I am adding this brief update on April 20th. 2016.
A new edition of my book - in paperback - has
just appeared on Amazon, and Create Space.
Since uploading my Kindle version two years
ago, I have battled failing kidneys first diagnosed
while Gerry's book was only half done.
Now I face the prospect of home dialysis in the
near future, and had two surgeries on April 6th.
One for the dialysis tube, another for a hernia.
The operations affected my bladder and I was
hospitalized two extra days. I wore a catheter
for seven more days. Now, we have lift off.
A writer for 40 years - this is my first book.
Catholic,Democrat,a former military "brat".
We moved frequently and it was a good time.
My favorite book is still Bernard Malamud's
"The Fixer" (1966). A Pulitzer-Prize and National
Book Award winner. This novel,like his other books
and short story collections,is not in print anymore.
People no longer read his work. SAD. I first read
"The Fixer" in high school,and have never been
without a copy since.
This story teaches one to endure,and it has
helped me,an African American,often. Not just
in dealing with race in this country, either.

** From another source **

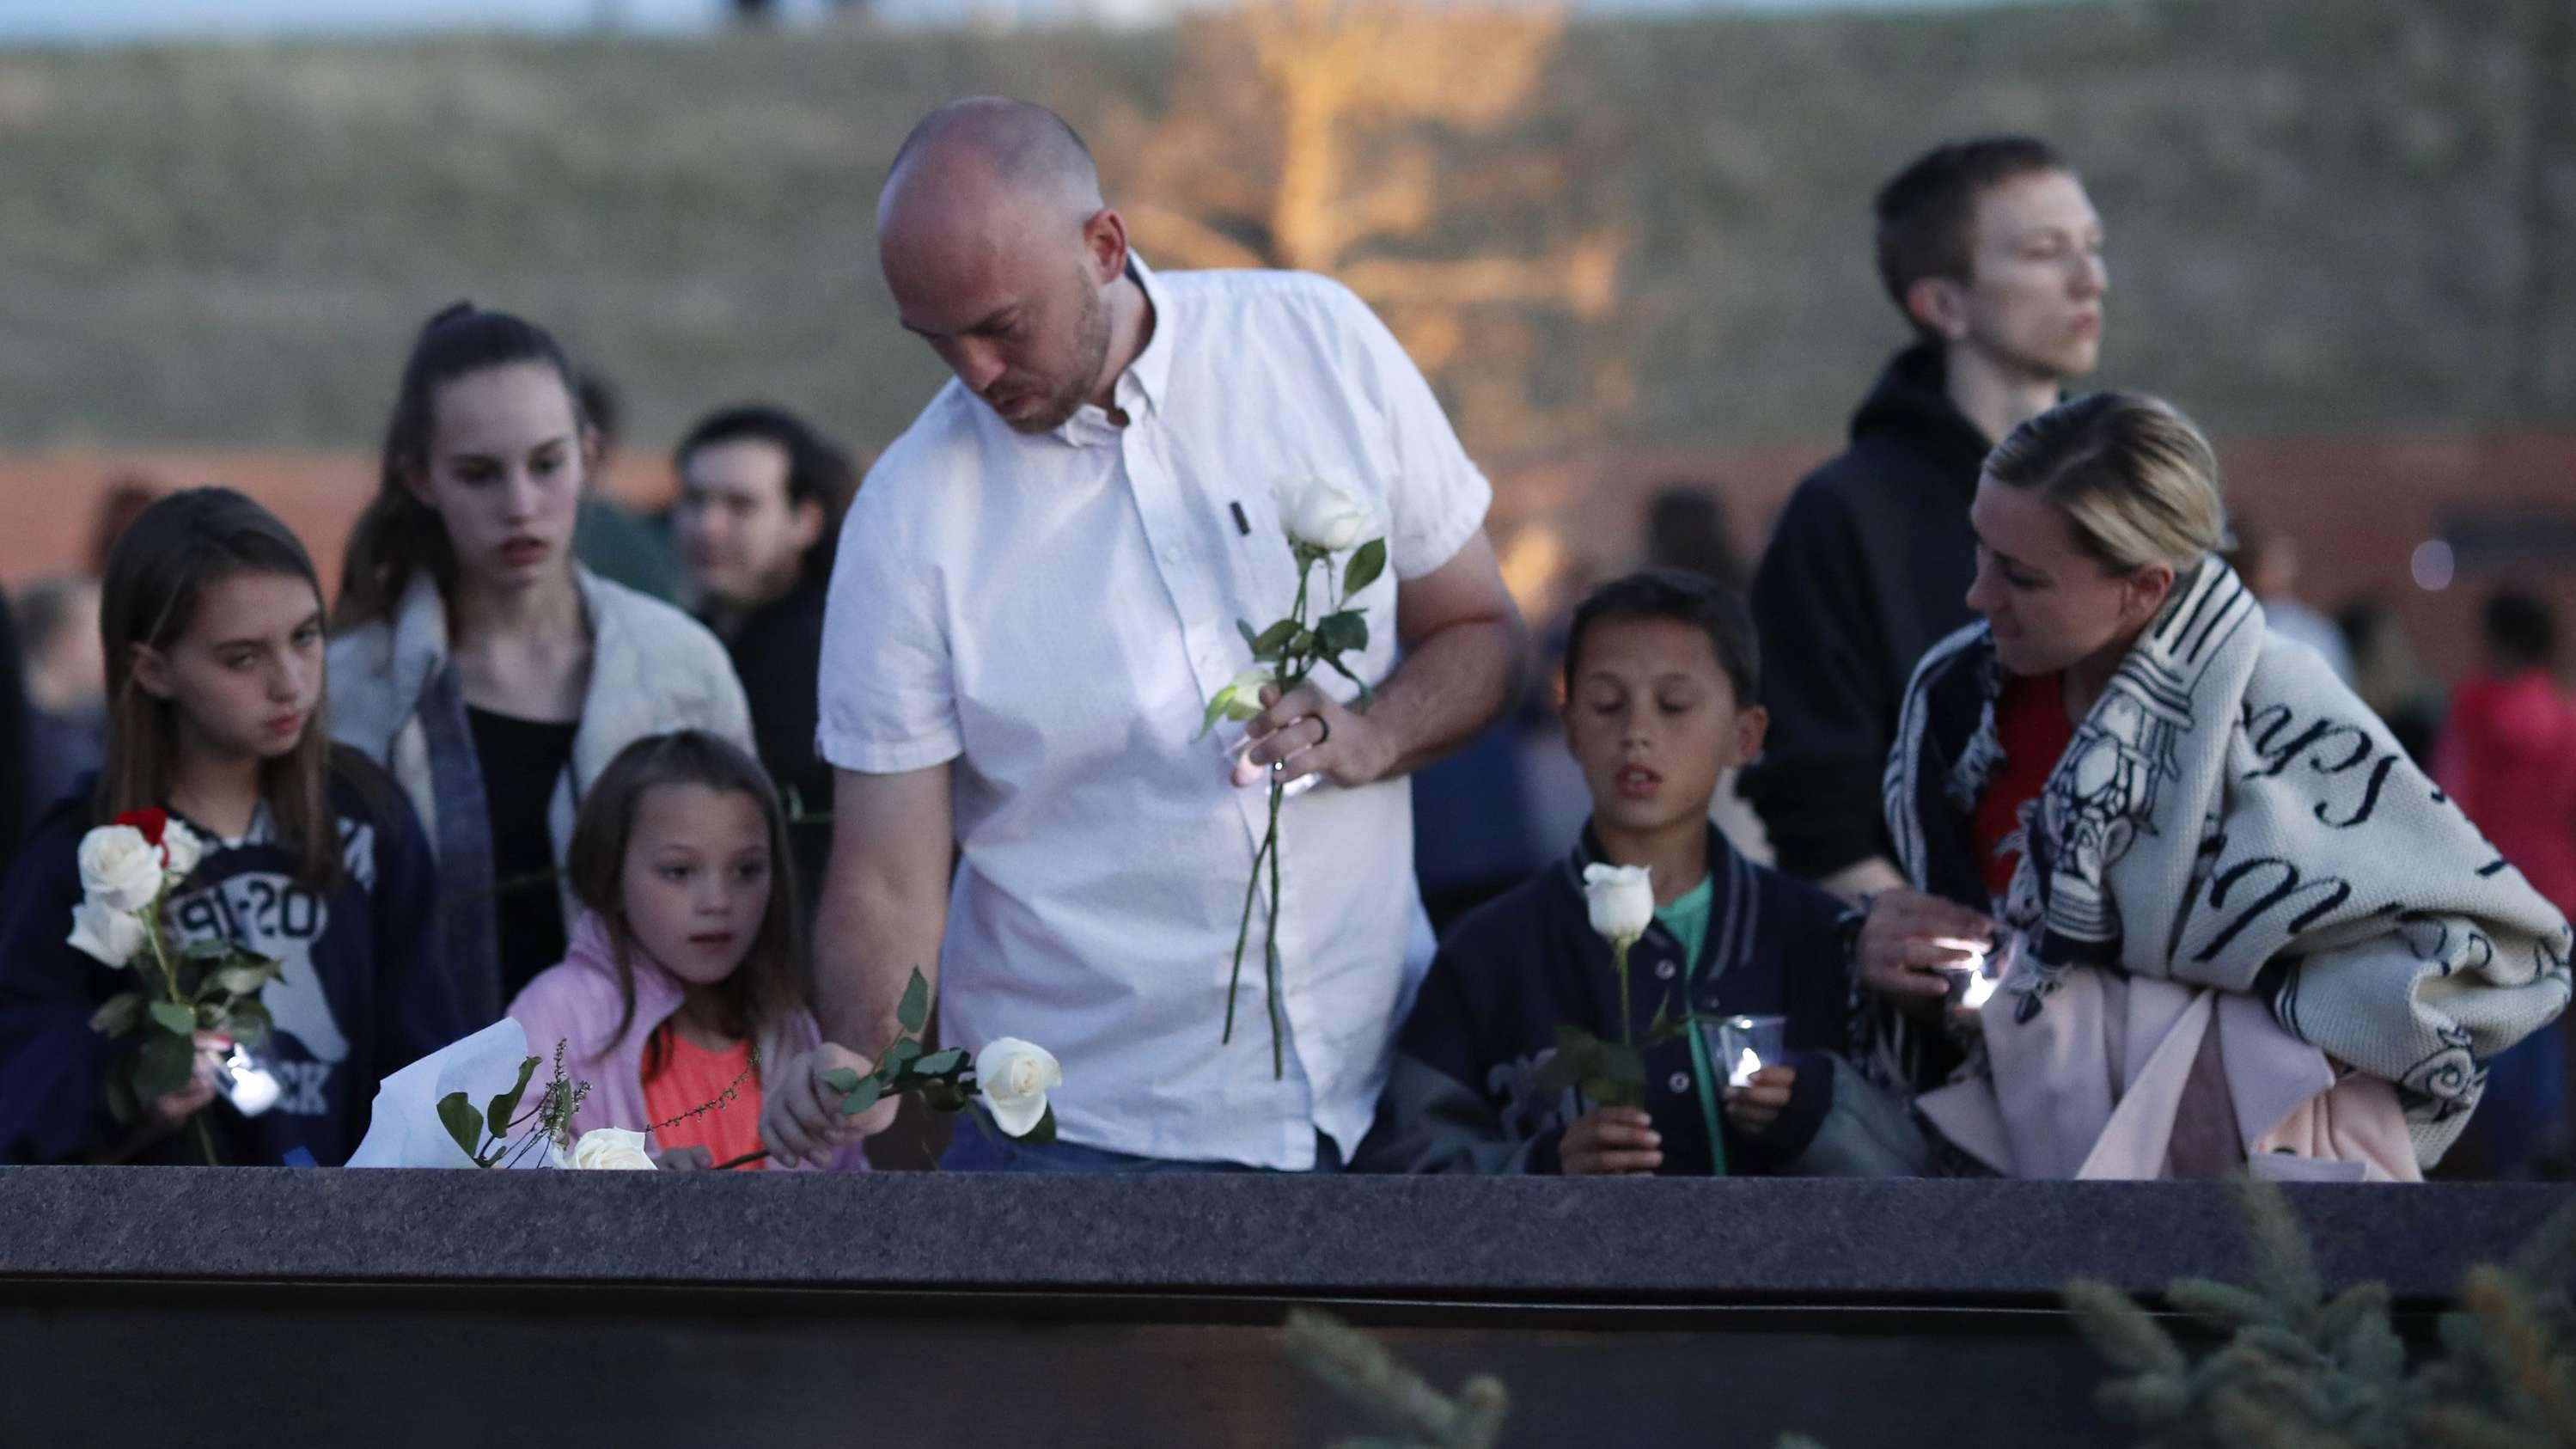 Ein Überlebender des Massakers an der Columbine High School legt während einer Mahnwache an der Gedenkstätte für die Opfer eine Rose nieder.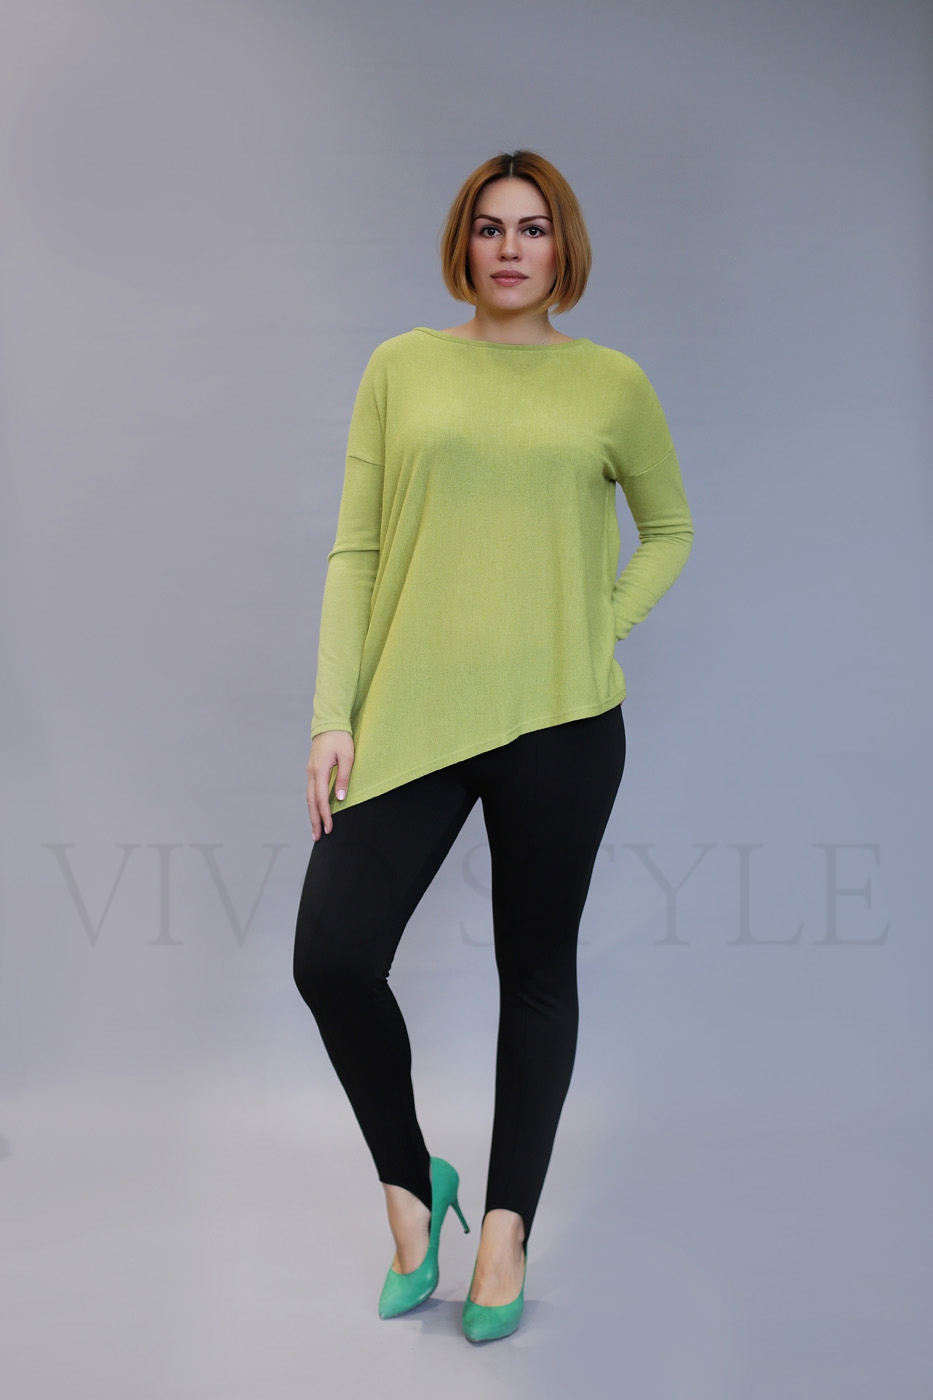 Плотно прилегающие женские брюки

I am talking about the adversity I encountered
while growing as a "mainstream" writer, and sometimes
the "reverse racism" I experienced from Black Muslims
and other hardliners of my color.
That Malamud's hero is also a persecuted minority -
a Russian Jew -and that his book was written during
our Civil Rights era - triples its importance.
Her name was Geraldine Lee Fish. She is the reason my book,
"A Love Remembered Is a Love Forever", came about.
She got sick, and I never got to stand by the woman I loved, when it counted,
or say goodbye to her. She made a decision regarding her illness - and me -
which hurt more than it helped.
Now I am on the LONG road back.
My book opens with our first meeting in January, 1983,
and moves on through the 1980's,90's and the millenium.
Then a dreadful diagnosis early in the new century,
and years of struggle that,eventually, proved futile.
My uncle,Donald Goines, pioneered what is now
called "urban fiction". Author of 16 books,he
and his wife were killed in Detroit in 1974.
I lost him just as I was starting out, with 1 and a
half years on the college paper as its film critic.
Little did I know that a professional debut awaited me
as 1974 ended. Weekly, community newspaper exposure
would be followed by another small daily, then another.
"Donnie" however, as we called him,would not live to
see any of this. We would meet and talk one last time -
just two weeks before his murder.
This September,I am beginning what could be a regular
venue:lecturing about him at a Northern Kentucky public
library, and reading 10 of his short,unpublished essays.
Movie reviews would be supplemented by previews of
mini-series,like "Roots", and "Jesus of Nazareth".
Then came the personal interviews: Anthony Hopkins
in 1978,William Holden (via telephone),Patty Duke,
Richard Harris in 1981 and 1983,Sandy Dennis in 1986.
The list goes on forever, as do the publications.
A & E magazines like the legendary CINEFANTASTIQUE
(now digital online),a Canadian Business monthly,
a weekly Construction book,two full-time newspaper
jobs, more freelancing,and then the big time.
First, the Detroit NEWS in 1999,appearing on its
Education,Business,and urban edition pages.
Then the Detroit Free PRESS as well, followed by
two years with the now-defunct Cincinnati POST
and its sister daily in Northern Kentucky.
By the time this happened,my dear Princess was fighting
for her life,and unaware of my success just 50 miles away.
Now I understand so well what she experienced, even though my
seven or eight Rx's pale by comparison with what she must have needed.
The paperback edition has new front and back covers. The hostility and
silence from her siblings and a friend or two has not changed, however.
Apparently,even in this age of the Internet and an African American president,
it is still not "OK" to love someone of another race. Even after that woman is
dead. You can like her,but just don't love her too much.